The patient-physician relationship, including physician communication and physician empathy, is particularly important in conditions involving chronic pain.7 It is generally thought that a collaborative approach involving both the patient and physician in clinical decision making improves patient adherence to pain treatment and its outcomes. This has been demonstrated in inpatient and outpatient orthopedic rehabilitation centers providing multimodal treatment programs for patients with chronic low back pain.8 The interpersonal aspects of the patient-physician relationship, including patient-centered communication, may facilitate and enhance patient engagement in chronic pain self-management.9 Physician empathy also has potential implications for pain disparities, based on emerging research involving neurophysiologic activity in the anterior insula and anterior cingulate cortex and biobehavioral studies.7 In a study by Kaseweter et al,10 a group of predominantly White nurses were asked to make pain treatment recommendations and to rate their empathic reactions after viewing video clips of Black and White patients matched according to facial pain expression. The nurses recommended more aggressive pain treatment for White patients, which was correlated with higher ratings of empathy for those patients. Similar findings were observed in a study involving White medical students and residents who rated 15 true or false statements about biological differences between Black and White patients and then read mock cases involving a kidney stone or ankle fracture among both Black and White patients.11 About one-half of participants reported that at least 1 false statement about racial differences was true. Moreover, participants who endorsed such false beliefs also rated the pain intensity of the Black patients lower than that of the White patients and made less accurate pain treatment recommendations.

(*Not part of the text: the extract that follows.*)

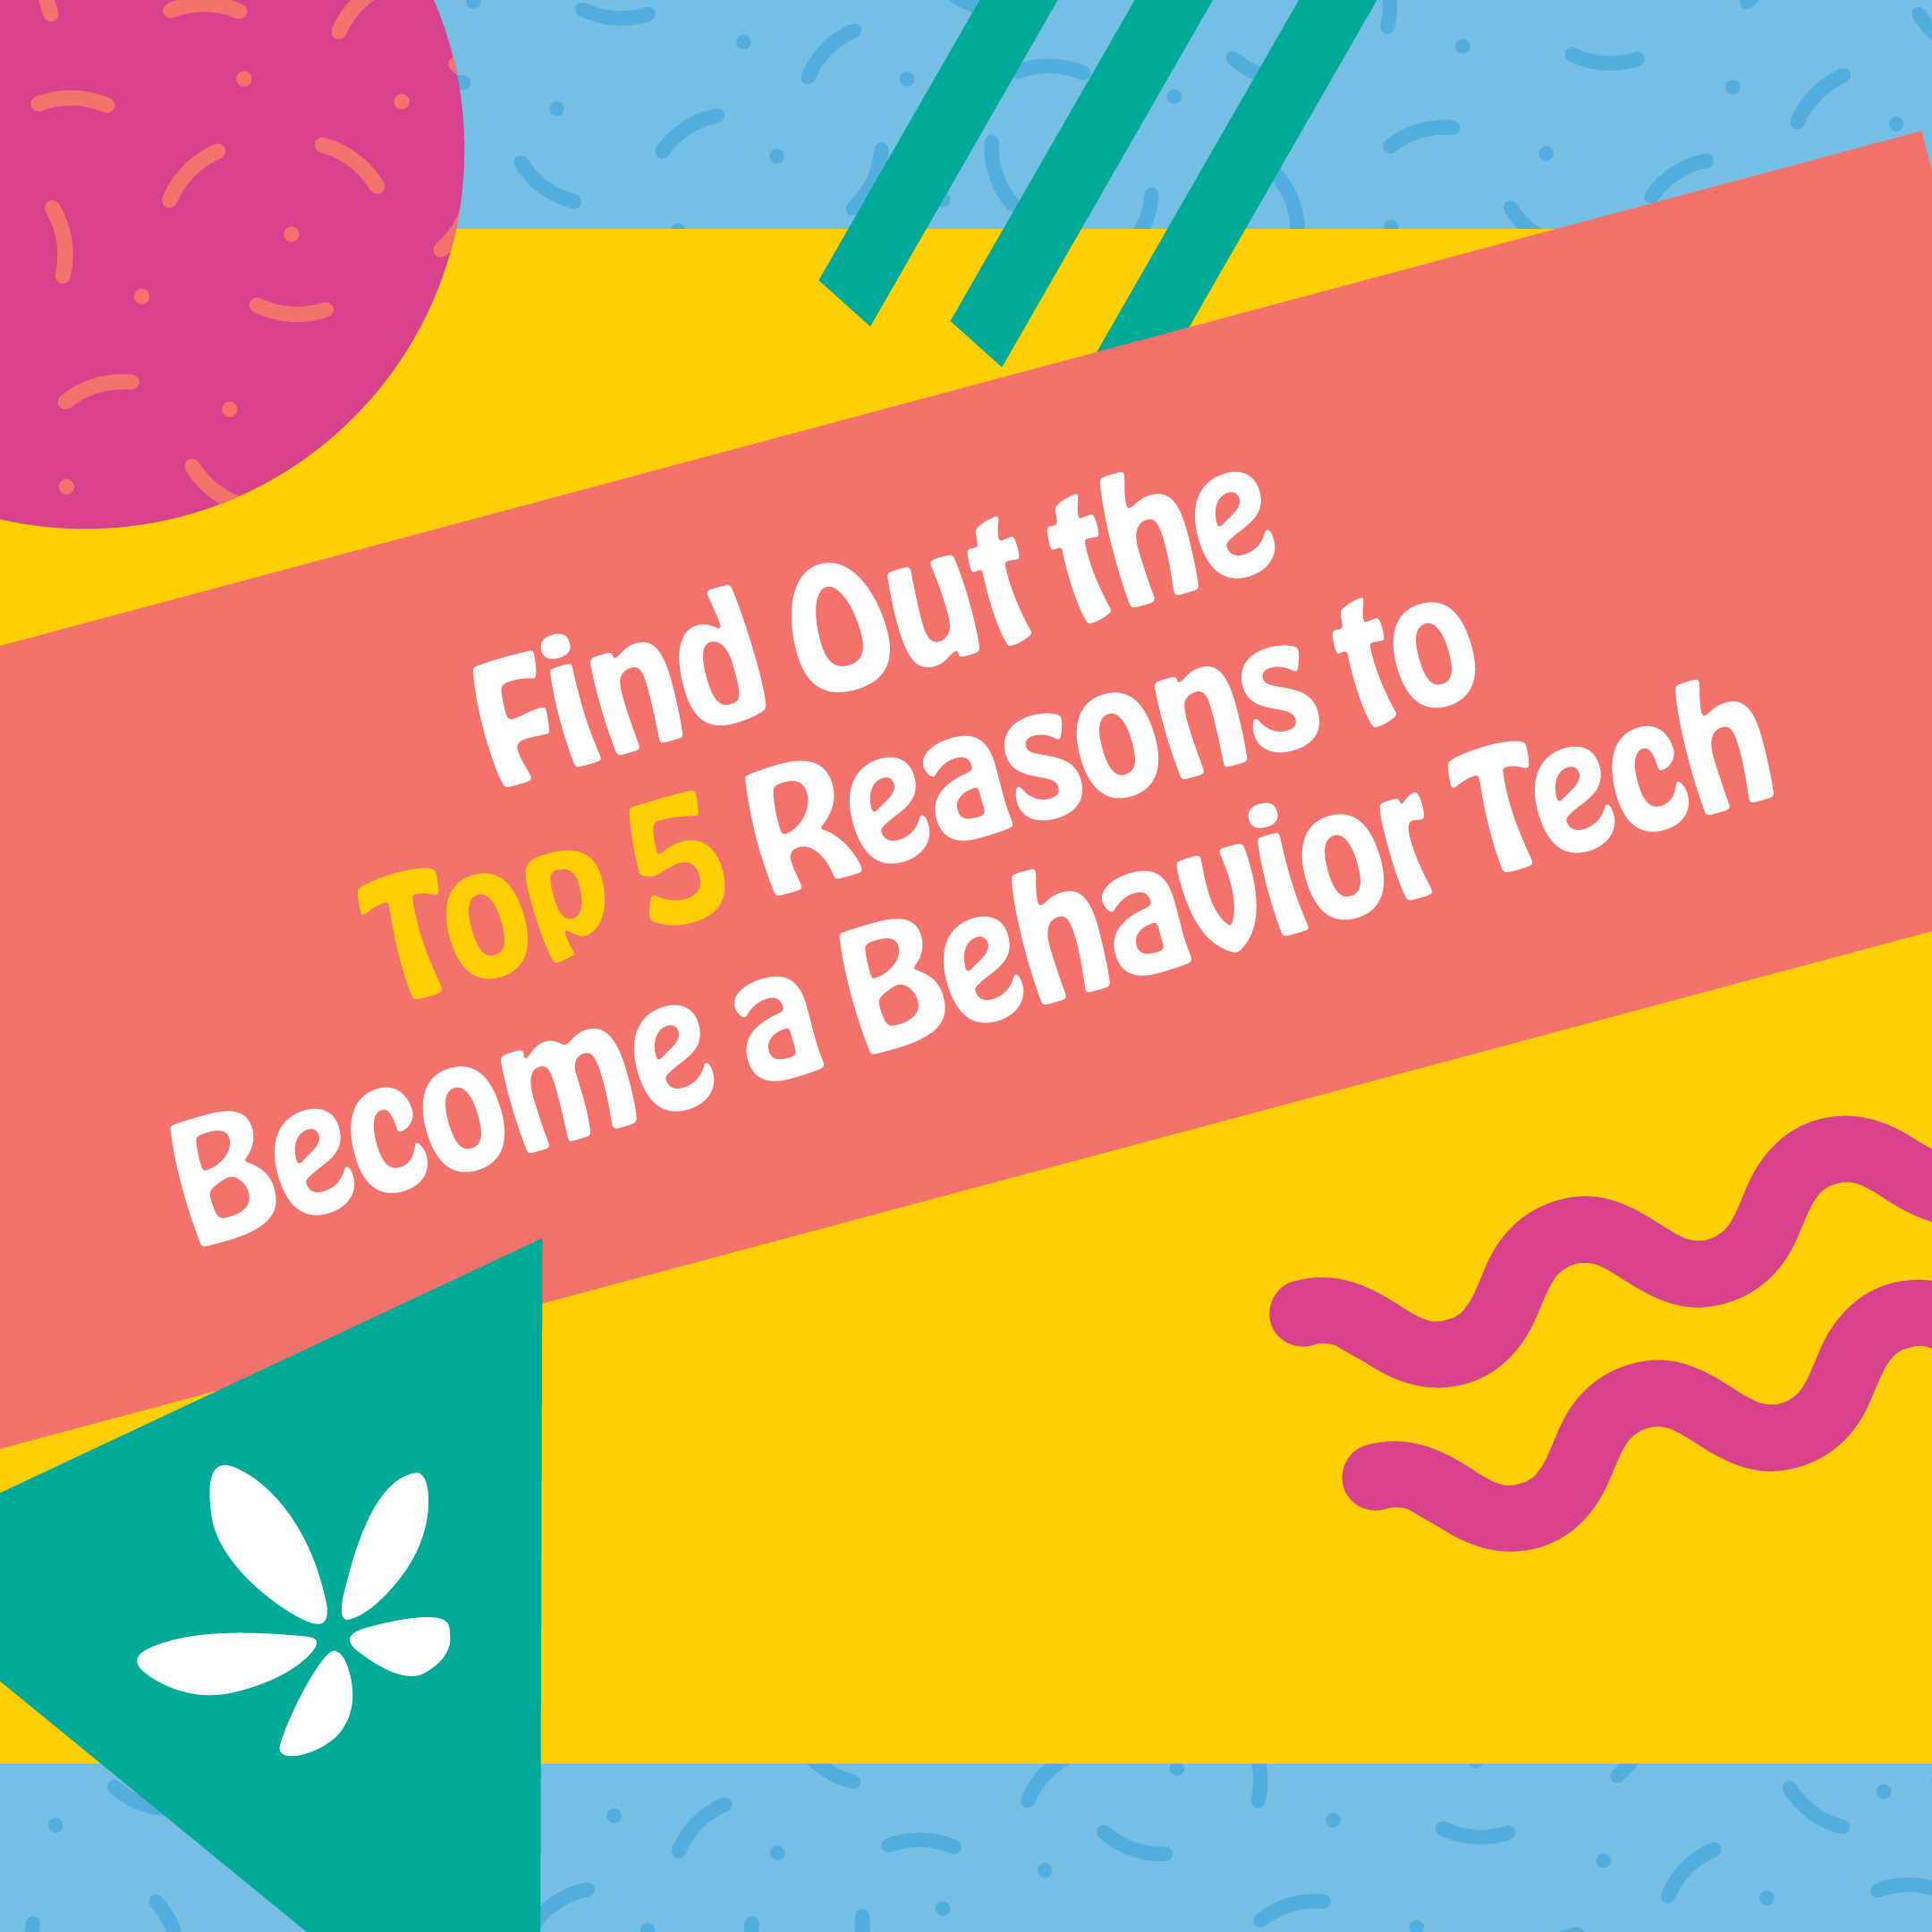 Top 5 Reasons to Become a Behavior Tech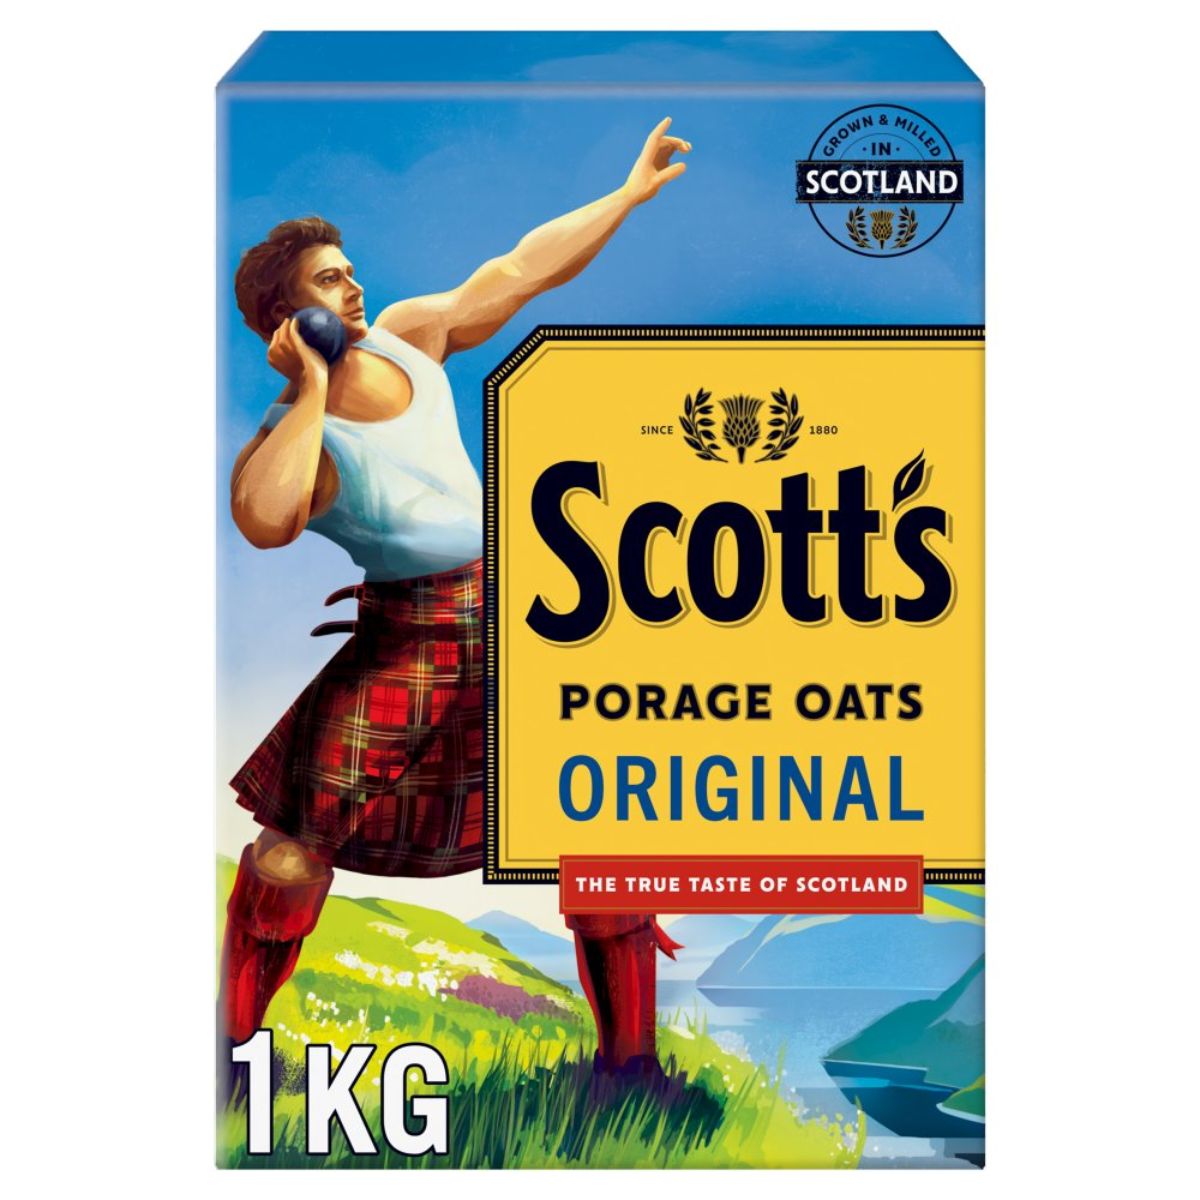 Scotts - Porage Original Porridge Oats - 1kg.

Such studies suggest that racial biases exist among physicians. These may affect the physician’s interpretation of the patient pain experience, interaction with patients, treatment plans, and outcomes. The aims of this study were to measure racial differences in the patient-physician relationship and in pain and related physical function outcomes among adults with chronic low back pain, and to determine whether the patient-physician relationship helps explain the associations of race with outcomes.

Methods

This cross-sectional study was approved by the North Texas Regional Institutional Review Board, and a current registry overview is available elsewhere.12 All study participants provided either written or electronic informed consent and reported data on a series of validated pain research and related instruments at their initial registry encounter. This study is reported following the Strengthening the Reporting of Observational Studies in Epidemiology (STROBE) reporting guideline.

Research Setting

This study was conducted within the Pain Registry for Epidemiological, Clinical, and Interventional Studies and Innovation. The registry was established in 2016 at the University of North Texas Health Science Center and has since expanded to cover the 48 contiguous states and District of Columbia through a digital research platform. The registry recruits participants using direct-to-the-patient advertising, rather than relying on referrals from physicians.

Study Design

This cross-sectional study was conducted from April 2016 to December 2021. It included registry participants aged 21 to 79 years with chronic low back pain and a physician who regularly treated that pain. Chronic low back pain was assessed using criteria recommended by the National Institutes of Health Task Force on Research Standards for Chronic Low Back Pain.13 These required having low back pain for at least the past 3 to 6 months and with a frequency of at least half of the days over the past 6 months. Persons were excluded from the study if they reported being pregnant, residing in an institutional facility, or being in a racial category other than Black or White. Participants could also report on Hispanic ethnicity.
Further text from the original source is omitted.